Friday 24 May, 2019

Bearded model calls for people to accept each other's differences

Bearded model Harnaam Kaur is urging people to love and accept themselves regardless of how they look.

Delivering the feature address at the International Women's Resource Network conference entitled "The power within; love your body, love you",  Kaur dared the audience to love themselves and see what effect it would have on all the companies that thrive off of people's poor body image.

Kaur, a body confidence advocate and plus sized model, is the youngest woman in the Guinness Book of Records to sport a full beard. 

The 25-year-old developed the facial hair as a result of Polycystic Ovarian Syndrome, which she developed at the age of 16. 

Speaking at the conference, she detailed the bullying she endured at school as a result of the facial hair, her ethnicity and weight, revealing suicidal thoughts and behaviour she had as a result. 

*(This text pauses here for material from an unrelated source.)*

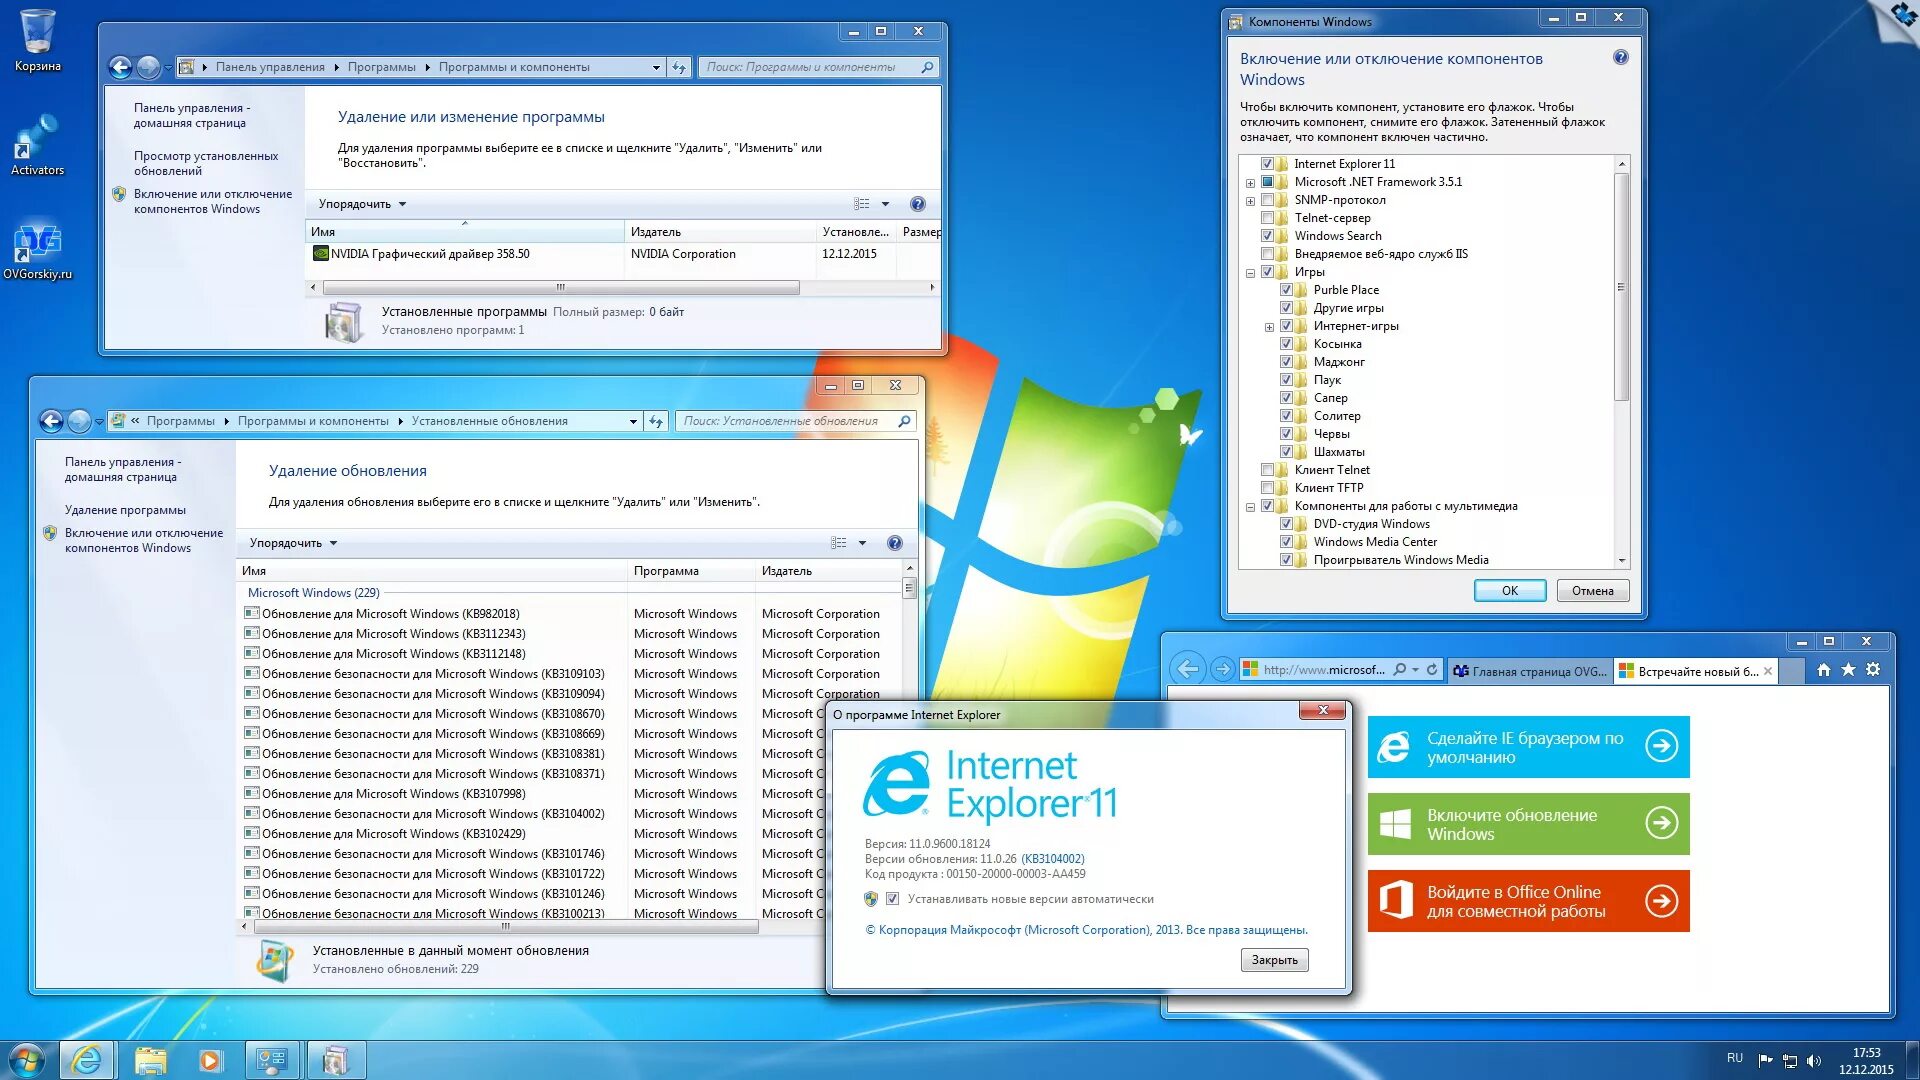 Kb2670838 x64. Установка Windows 7 Ultimate. Виндовс 7 максимальная программы. Установка компонентов виндовс. Windows 7 Ultimate x32 сборки.

"It was children that told me that I had upper lip hair, a moustache. For any girl who is told she has a moustache, that is traumatic. A girl has a moustache? That is traumatic,"  she said.

"A beard is normalised to be something that a man holds but for the last 15 minutes now a woman is standing before you with a beard, so I think society's standards need to change a little bit," she said, noting that though she tried to get rid of her facial hair she has come to love it, referring to it as a her lady beard.

Kaur said she doesn't understand why people discriminate based on physical differences. 

"I don't understand why people body shame each other, I don't understand why people discriminate...we all have the same beating heart, we all have red blood, ten fingers, ten toes...can you imagine how many wars and discrimination would end if we all love each other?," she asked.

Stating that nature is imperfect, Kaur wondered why we think nature is beautiful but then judge each other for imperfections.

The Conference also featured morning lectures from Dr  Jacqueline Huggins who spoke about the disabled and Dr Gabrielle Hosein who spoke about gender equality and gender expression, noting that African and Indian women came to the Caribbean as workers who knew how to fight. 

Psychologist Professor Gerard Hutchinson spoke about bullying, depression and suicide, noting that reports of bullying increased in Trinidad and Tobago over the last ten years.